TASK GOAL: An exact retyping of all lines below is the answer; pictures do not belong in it.

DATASET EXCERPT:
++++++++++
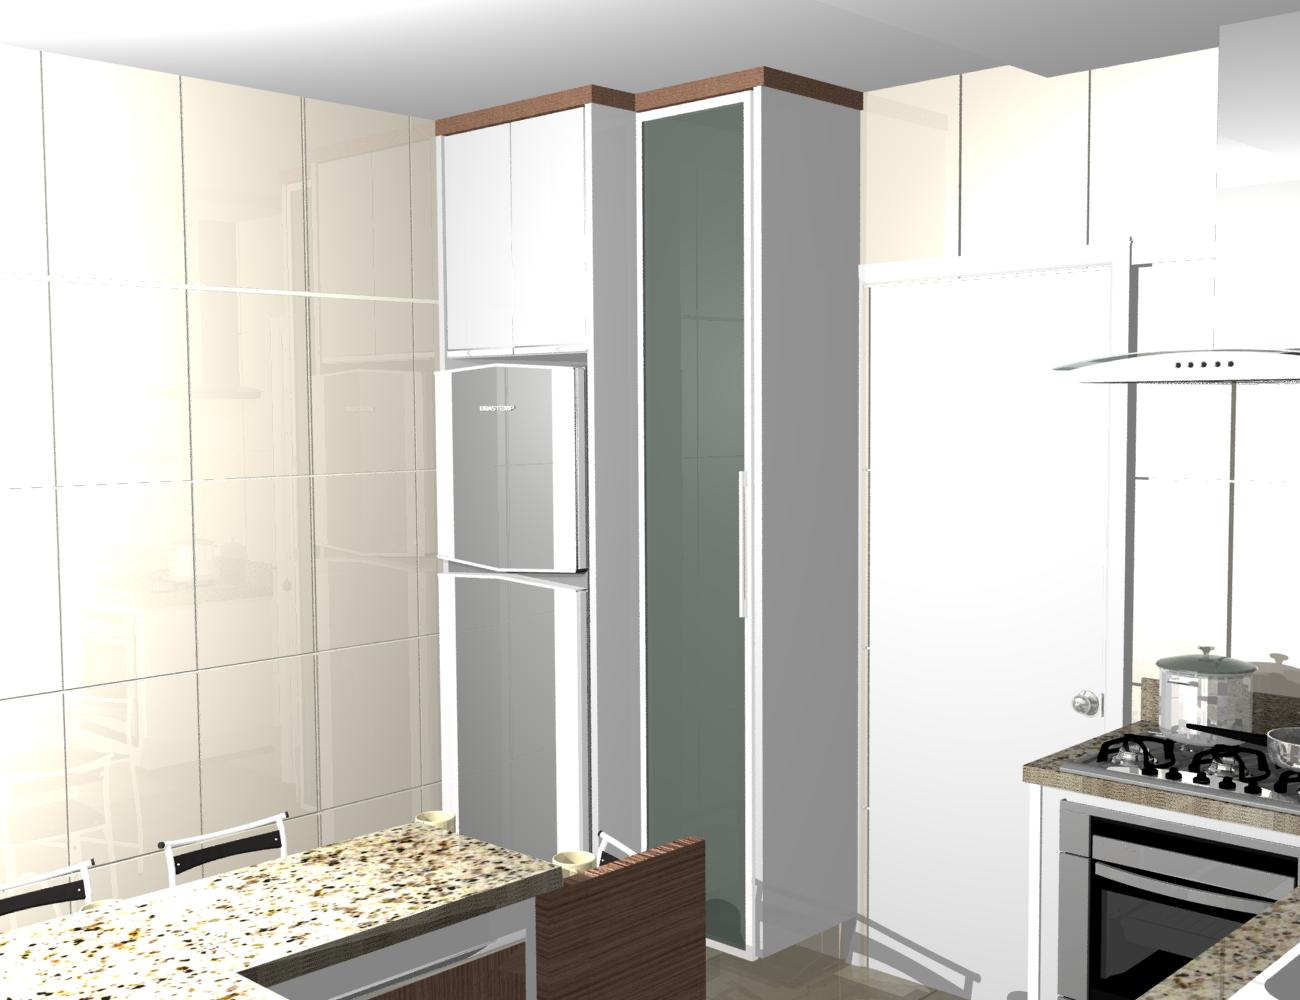 para cozinhas pias para cozinhas revestimento para cozinhas cozinhas #5C4C41 1300 1000
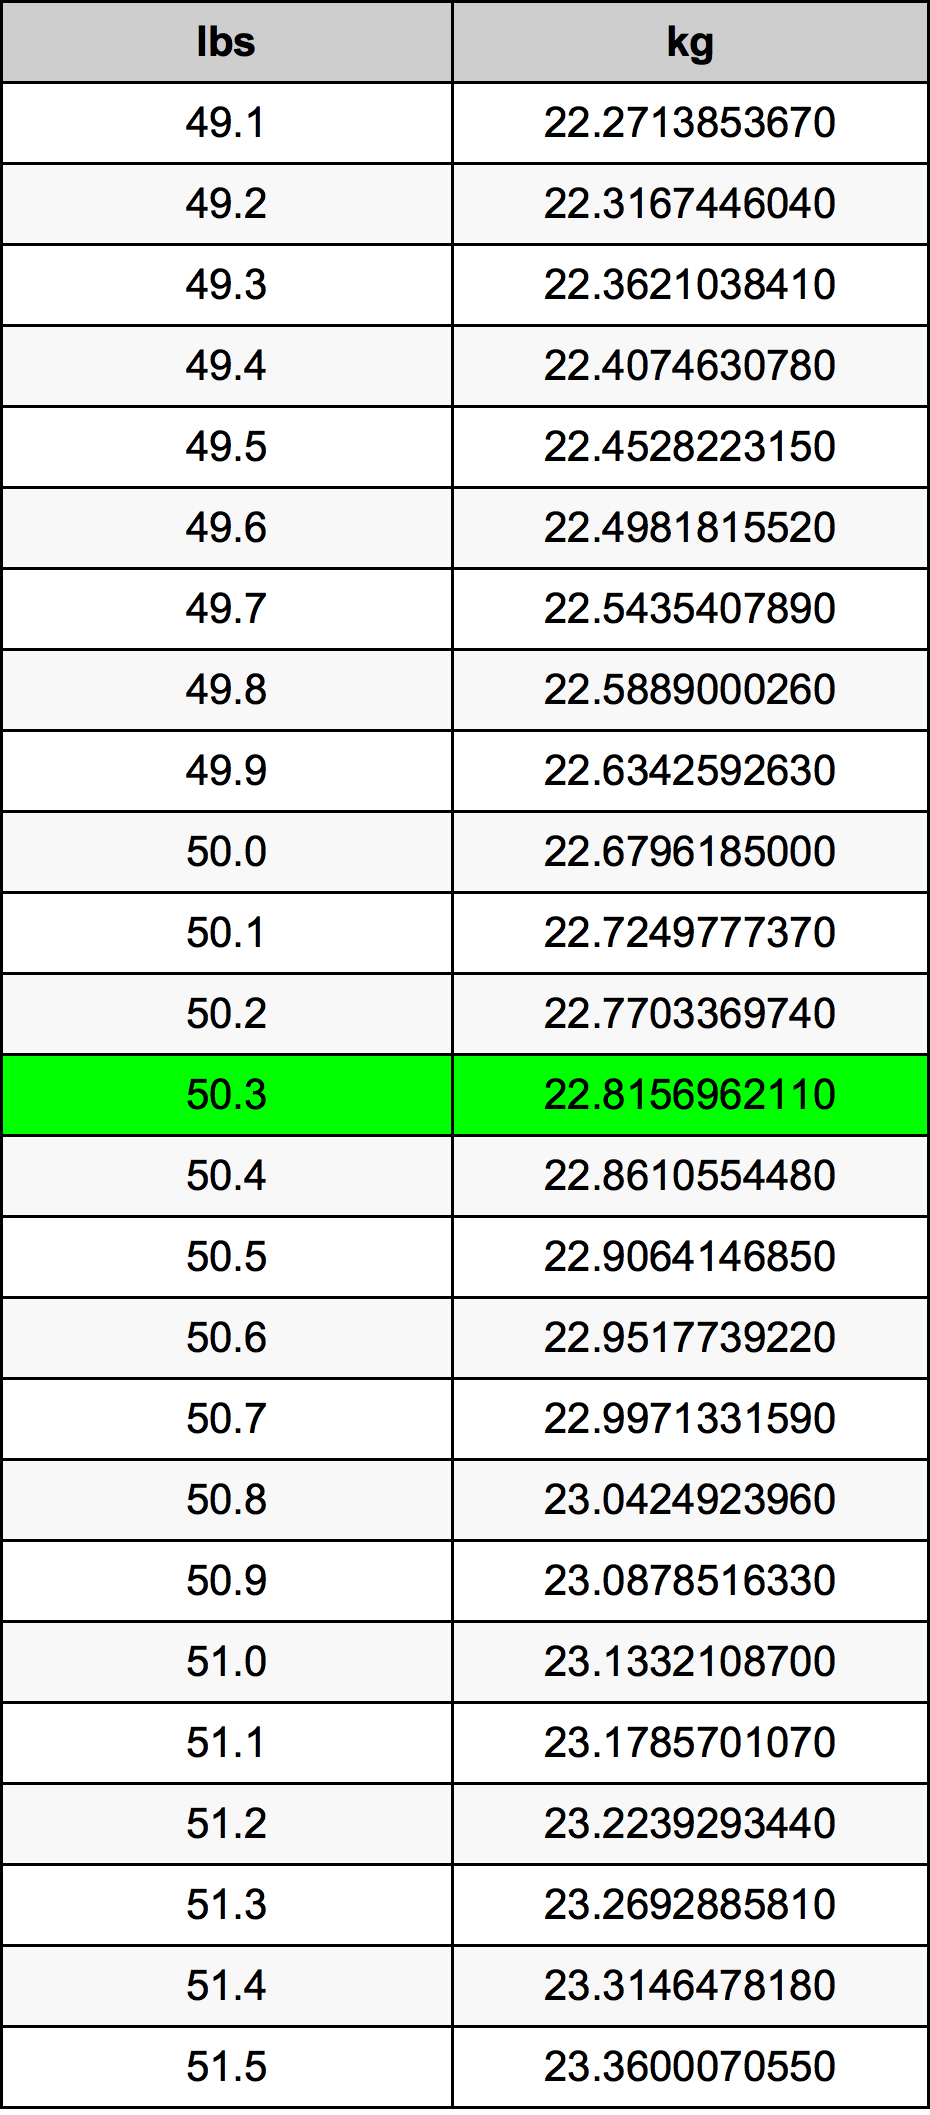 50.3 livră tabelul de conversie
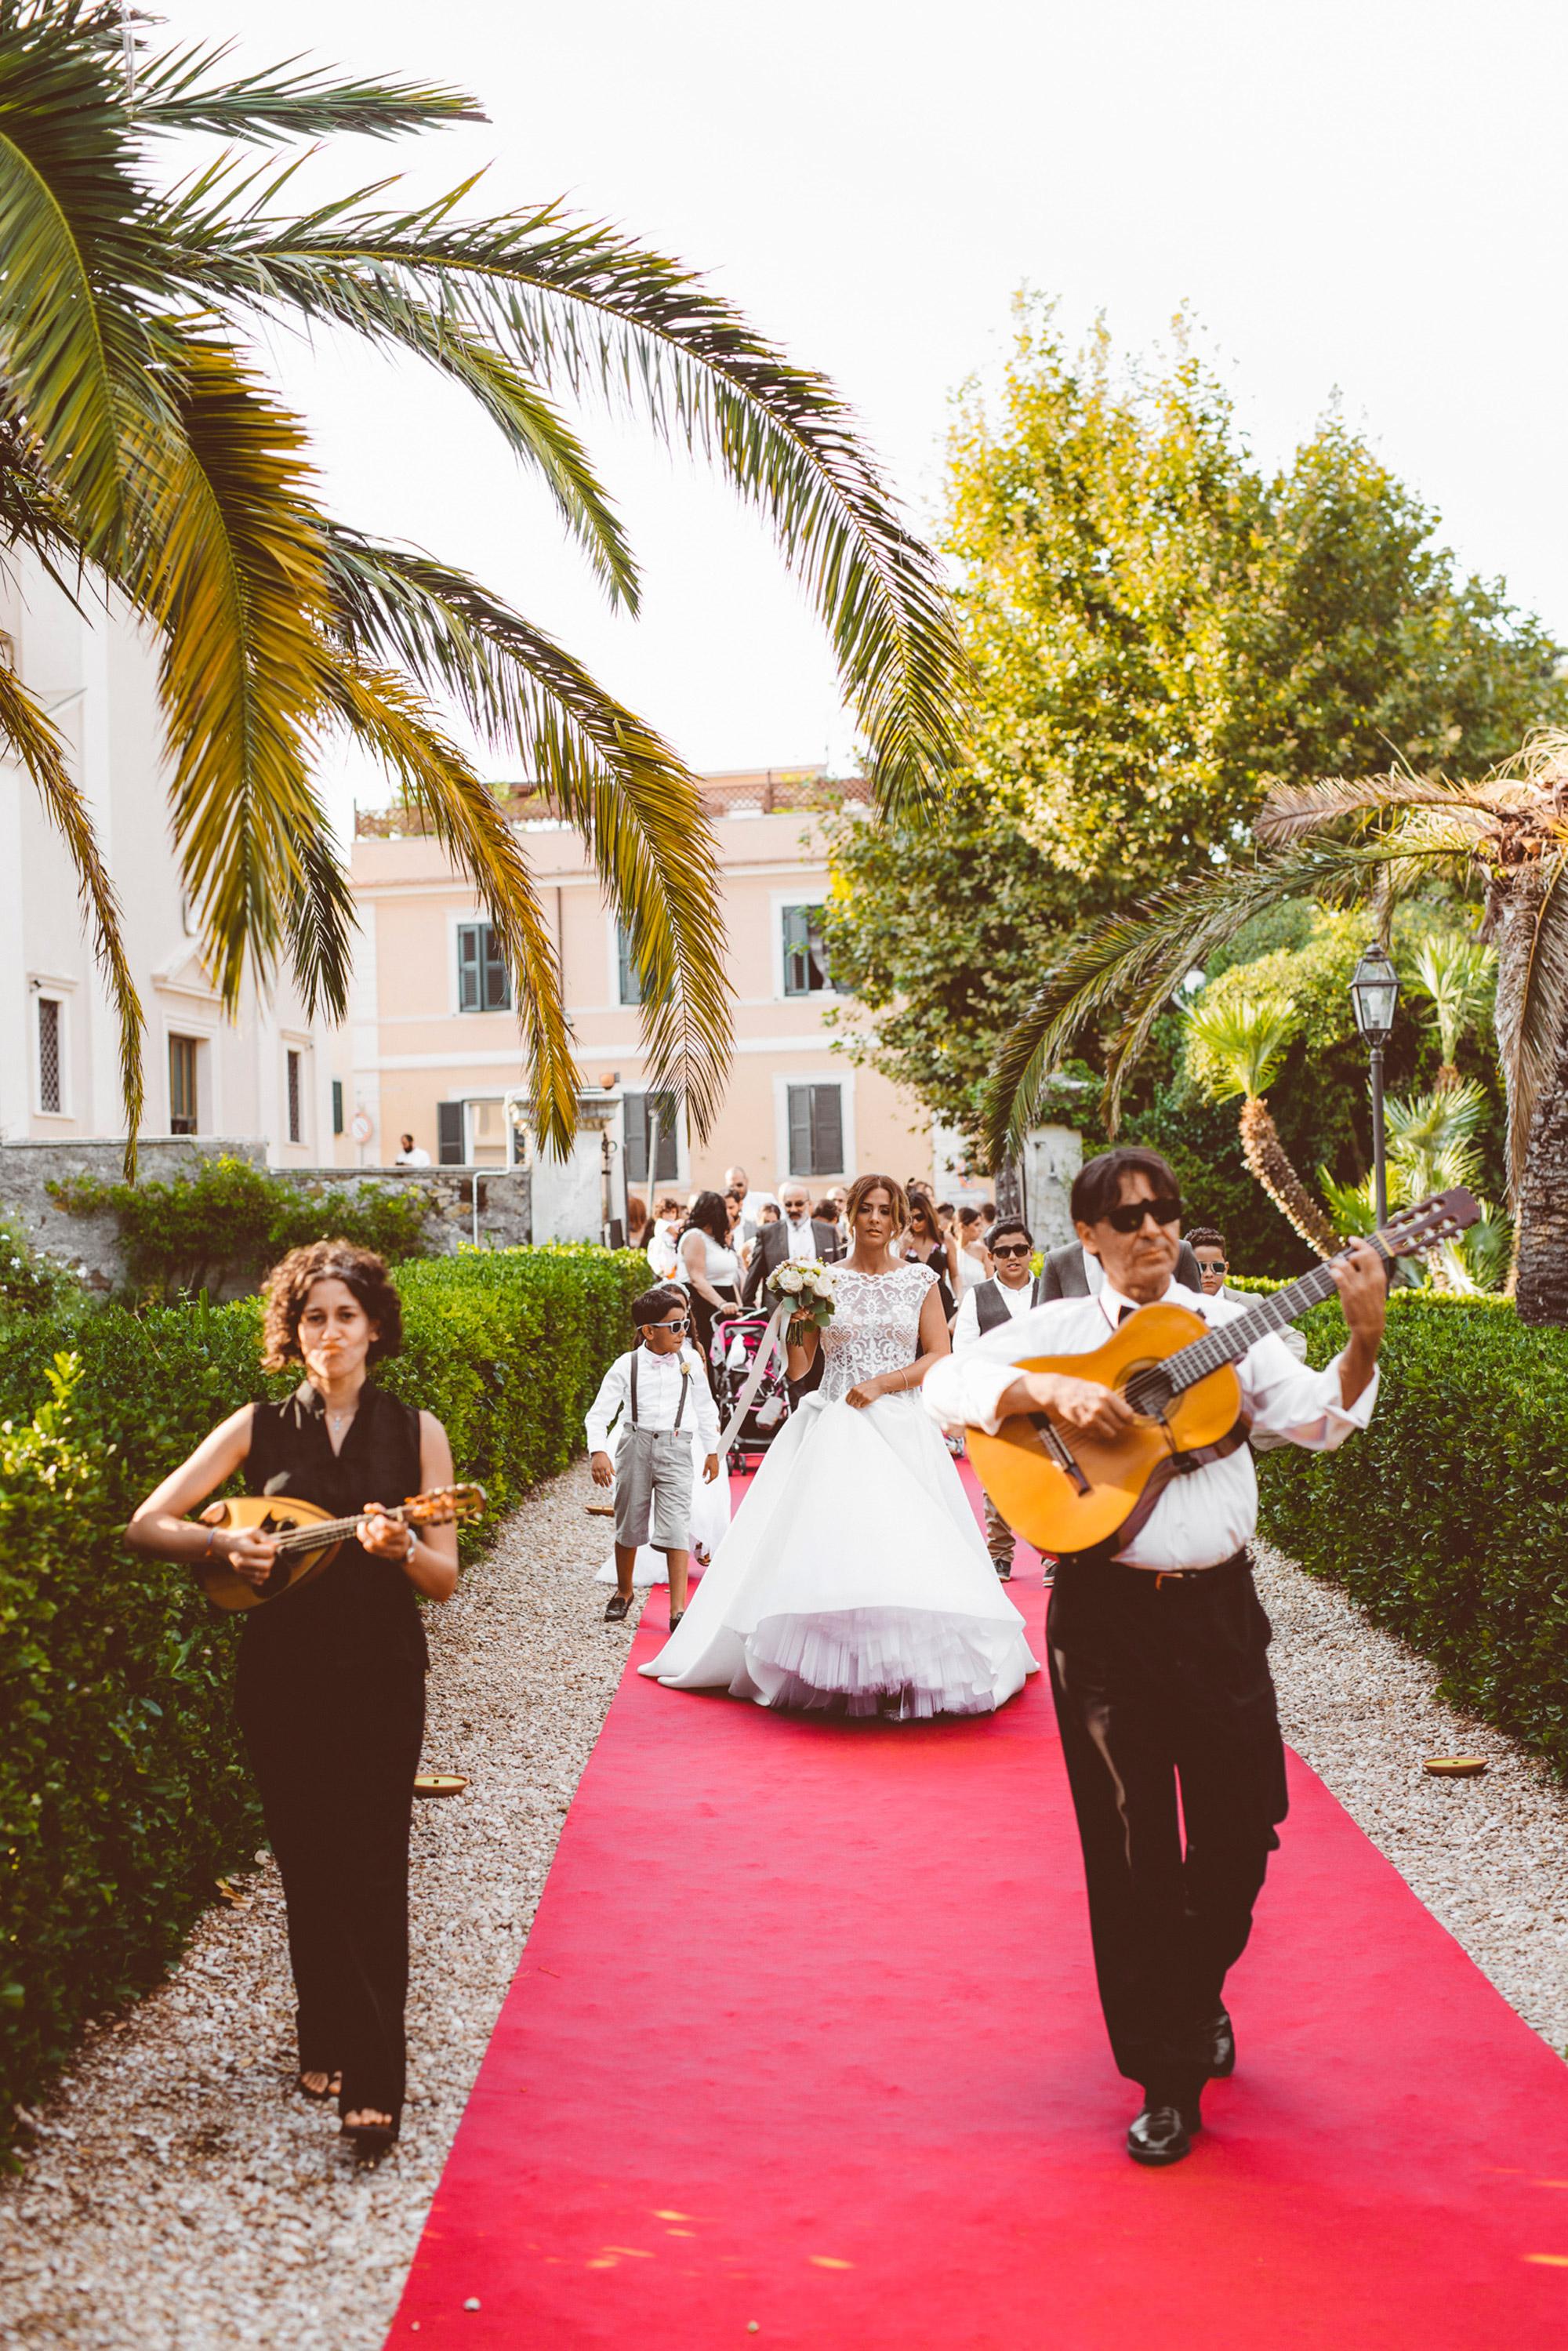 068-santamarinella-wedding-castello-odescalchi.jpg
++++++++++
EXPECTED OUTPUT:
 para cozinhas pias para cozinhas revestimento para cozinhas cozinhas #5C4C41 1300 1000
 50.3 livră tabelul de conversie
 068-santamarinella-wedding-castello-odescalchi.jpg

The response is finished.